WORK REQUEST |
If a line appears in the data below, it must appear in your answer exactly as given.

○ ○ ○ ○ ○

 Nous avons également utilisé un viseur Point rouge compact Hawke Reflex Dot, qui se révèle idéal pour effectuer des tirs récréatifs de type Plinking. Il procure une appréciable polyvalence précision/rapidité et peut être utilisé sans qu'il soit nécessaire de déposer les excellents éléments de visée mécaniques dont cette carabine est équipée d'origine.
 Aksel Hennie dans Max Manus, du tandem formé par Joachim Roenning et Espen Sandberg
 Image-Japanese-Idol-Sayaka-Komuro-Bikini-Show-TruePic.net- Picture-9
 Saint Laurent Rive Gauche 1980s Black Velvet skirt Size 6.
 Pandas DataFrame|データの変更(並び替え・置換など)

○ ○ ○ ○ ○

PROBLEM SOLUTION |
 Nous avons également utilisé un viseur Point rouge compact Hawke Reflex Dot, qui se révèle idéal pour effectuer des tirs récréatifs de type Plinking. Il procure une appréciable polyvalence précision/rapidité et peut être utilisé sans qu'il soit nécessaire de déposer les excellents éléments de visée mécaniques dont cette carabine est équipée d'origine.
 Aksel Hennie dans Max Manus, du tandem formé par Joachim Roenning et Espen Sandberg
 Image-Japanese-Idol-Sayaka-Komuro-Bikini-Show-TruePic.net- Picture-9
 Saint Laurent Rive Gauche 1980s Black Velvet skirt Size 6.
 Pandas DataFrame|データの変更(並び替え・置換など)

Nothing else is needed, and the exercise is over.